Update: You can view a video of Jeremy Zawodny’s talk at MongoSF on 10gen.com.
MongoDB is now live at Craigslist, where it is being used to archive billions of records.
Craiglist has kept every post anyone has ever made in a large MySQL cluster. A few months ago, they began looking for alternatives: schema changes were taking forever (Craigslist’s schema has changed a couple times since 1995) and it wasn’t really relational information. They wanted to be able to add new machines without downtime (which sharding provides) and route around dead machines without clients failing (which replica sets provide), so MongoDB was a very strong candidate. After looking into a few of the most popular non-relational database systems, they decided to go with MongoDB.
Jeremy Zawodny is a software engineer at Craigslist and an author of High Performance MySQL (O’Reilly). He kindly agreed to answer some questions about their MongoDB cluster (editor’s comments in italics).
Any numbers you can give us?
We’re sizing the install for around 5 billion documents. That’s from the initial 2 billion document import we need to do plus room to grow for a few years to come. Average document size is right around 2KB. (Five billion 2KB documents is 10TB of data.) We’re getting our feet wet with MongoDB so this particular task isn’t high throughput or growing in unpredictable ways.
We can put data into MongoDB faster than we can get it out of MySQL during the migration.
What does your cluster topology look like?

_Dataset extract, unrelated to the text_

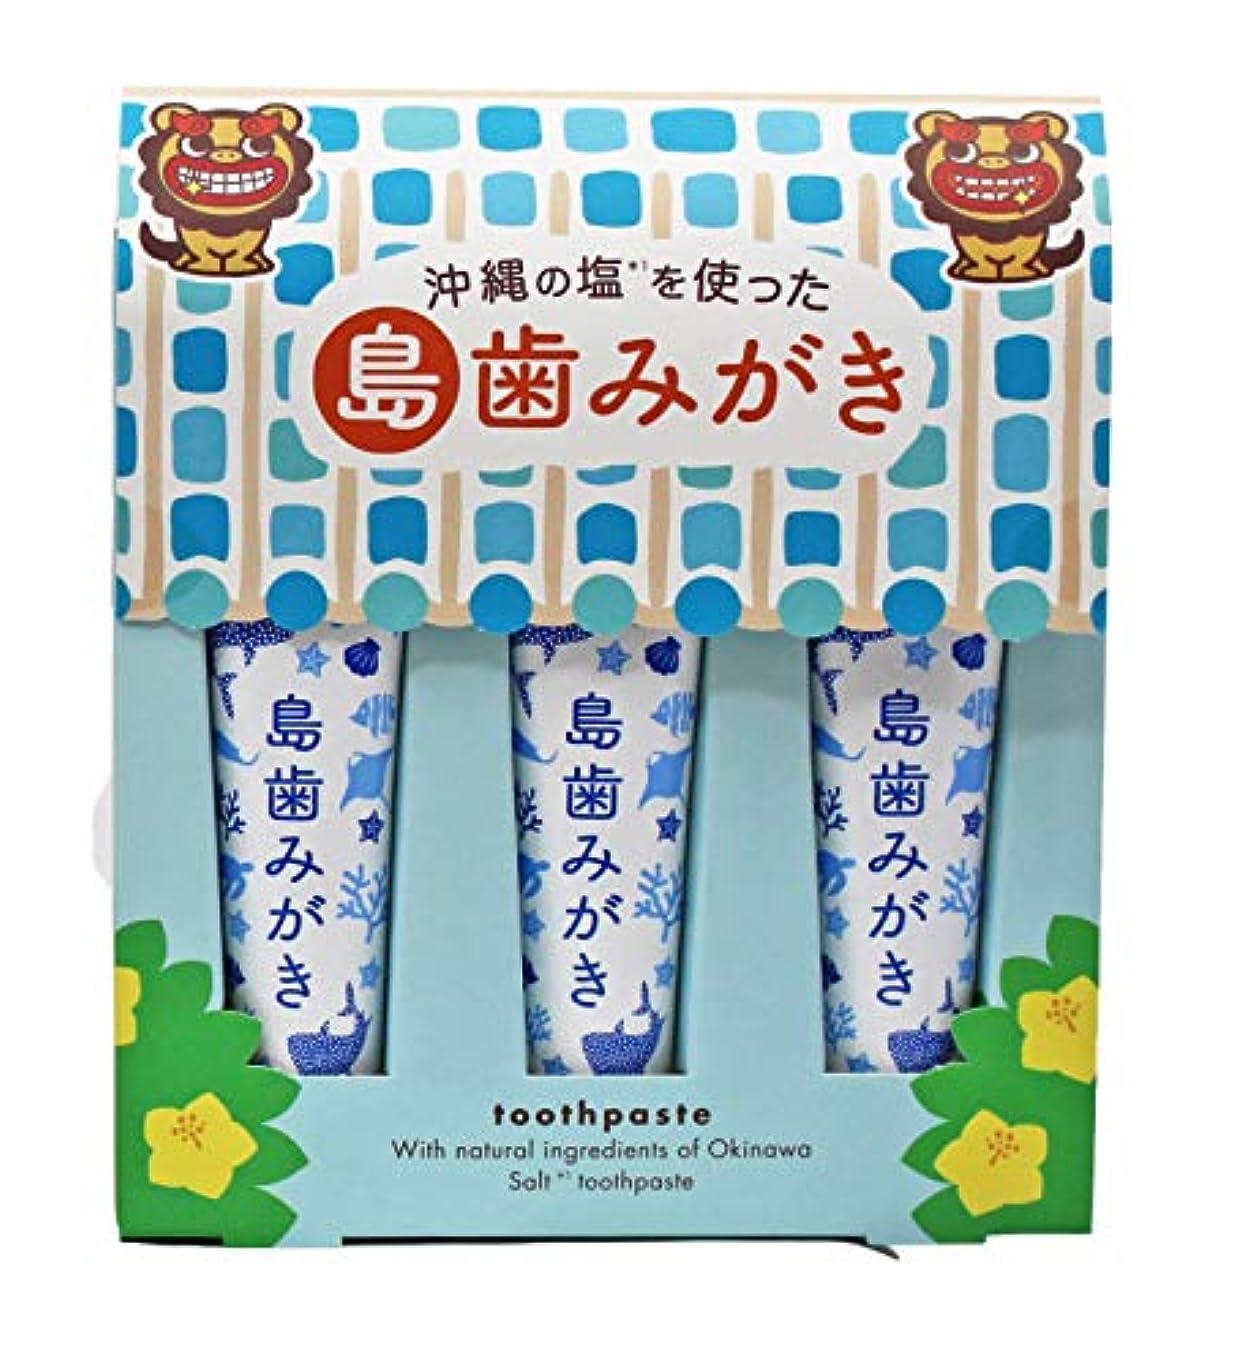 トーク美しい有限沖縄の塩を使った島歯みがき (藍色) 15g×3本入り

We have several three-machine replica sets, each set serving a shard of our “archive” database cluster. The configuration is three replica sets in each colo (two total) to handle our initial build out. Obviously there will be a set of config servers and routing processes in the mix as well.
Craigslist is using the MongoDB Perl driver.
Did you find any stumbling blocks relational database developers should watch out for?
Oh, yeah. :-) I’m planning to write up a blog post on that and I talked about it a bit at MongoSV (watch the video), too. The short version is that you have to think differently about indexing and do a bit more bookkeeping of your own. But on the plus side, you don’t have to pay the join penalty, so you can get your data back a lot faster.
Character set issues come up as well, since we’re a Latin-1 or Windows-1252 shop currently (but really need to go UTF-8 across the board). That means some upfront work, but it’s good that MongoDB is UTF-8 end-to-end already.
Got future plans for your MongoDB cluster?
Too soon to tell! But I have a few ideas about ways we can use MongoDB to supplement other needs and possibly replace other data stores. But I really need to think more about them before I go spouting off.
Looking into the future, Zawodny hopes for more polish on sharding and replica sets and that some good front-end admin tools will be developed. “But that will come in time, I’m sure.”